2025 Fine Tuning LLM with Hugging Face Transformers for NLP
Master Transformer models like Phi2, LLAMA; BERT variants, and distillation for advanced NLP applications on custom data
Product Brand: Udemy
4.6
Udemy Coupon Code for 2025 Fine Tuning LLM with Hugging Face Transformers for NLP Course. Master Transformer models like Phi2, LLAMA; BERT variants, and distillation for advanced NLP applications on custom data
Created by Laxmi Kant | KGP Talkie | 16.5 hours on-demand video course | 1 downloadable resource
Fine Tuning LLM Course Overview
2025 Fine Tuning LLM with Hugging Face Transformers for NLP
Do not take this course if you are an ML beginner. This course is designed for those who are interested in pure coding and want to fine-tune LLMs instead of focusing on prompt engineering. Otherwise, you may find it difficult to understand.
Welcome to “Mastering Transformer Models and LLM Fine Tuning”, a comprehensive and practical course designed for all levels, from beginners to advanced practitioners in Natural Language Processing (NLP). This course delves deep into the world of Transformer models, fine-tuning techniques, and knowledge distillation, with a special focus on popular BERT variants like Phi2, LLAMA, T5, BERT, DistilBERT, MobileBERT, and TinyBERT.
What you’ll learn
- Understand transformers and their role in NLP.
- Gain hands-on experience with Hugging Face Transformers.
- Learn about relevant datasets and evaluation metrics.
- Fine-tune transformers for text classification, question answering, natural language inference, text summarization, and machine translation.
- Understand the principles of transformer fine-tuning.
- Apply transformer fine-tuning to real-world NLP problems.

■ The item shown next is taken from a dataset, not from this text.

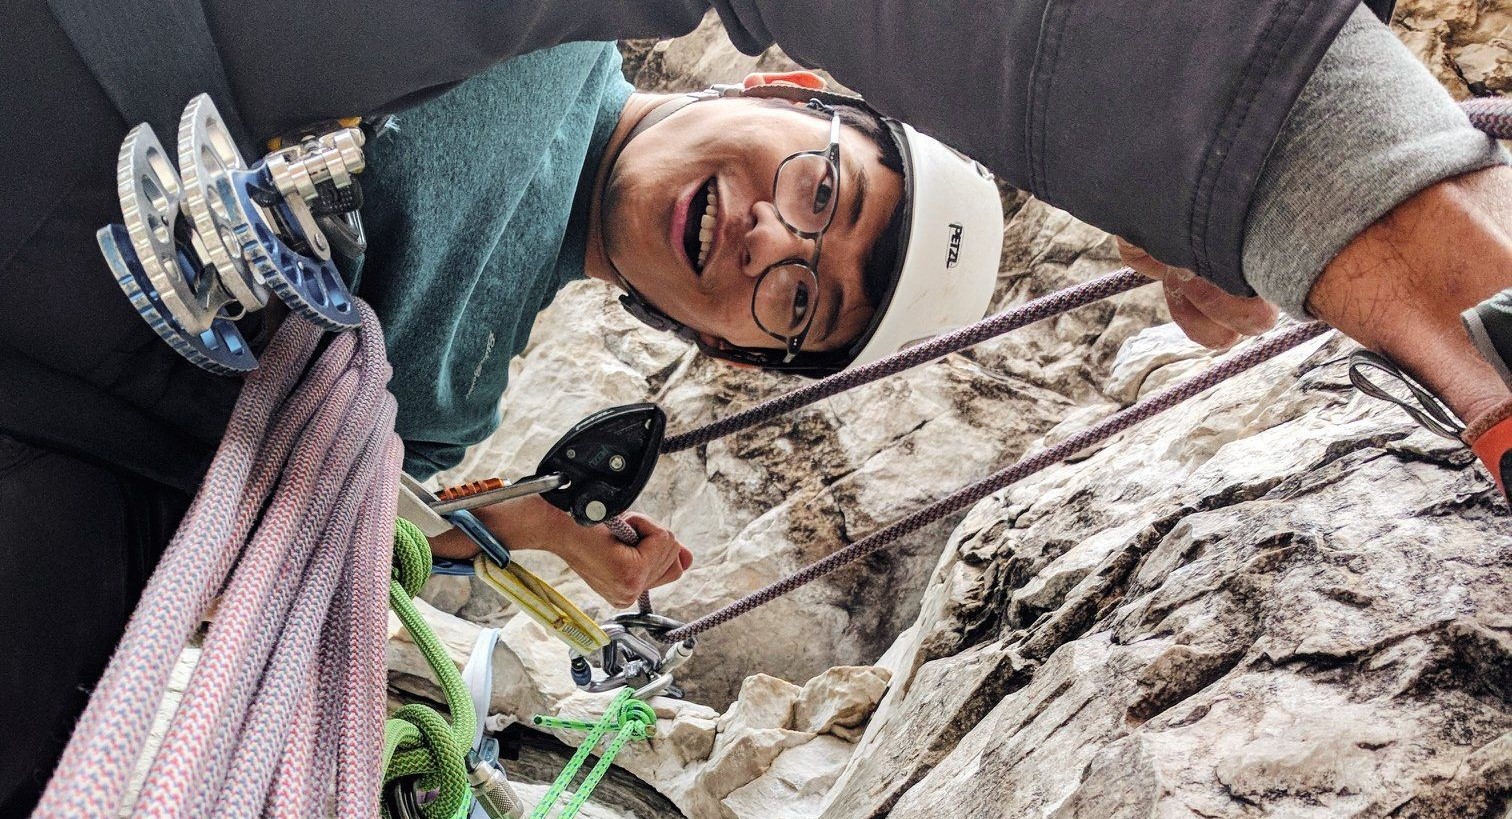 Me looking down while rock climbing with a bunch of rope and gear around

- Learn about different types of transformers, such as BERT, GPT-2, and T5.
- Hands-on experience with the Hugging Face Transformers library
Recommended LLM Course
LLM Engineering: Master AI & Large Language Models (LLMs) Best seller
LLM Mastery: ChatGPT, Gemini, Claude, Llama3, OpenAI & APIs
Who this course is for:
- NLP practitioners: This course is designed for NLP practitioners who want to learn how to fine-tune pre-trained transformer models to achieve state-of-the-art results on a variety of NLP tasks.
- Researchers: This course is also designed for researchers who are interested in exploring the potential of transformer fine-tuning for new NLP applications.
- Students: This course is suitable for students who have taken an introductory NLP course and want to deepen their understanding of transformer models and their application to real-world NLP problems.
- Developers: This course is beneficial for developers who want to incorporate transformer fine-tuning into their NLP applications.
- Hobbyists: This course is accessible to hobbyists who are interested in learning about transformer fine-tuning and applying it to personal projects.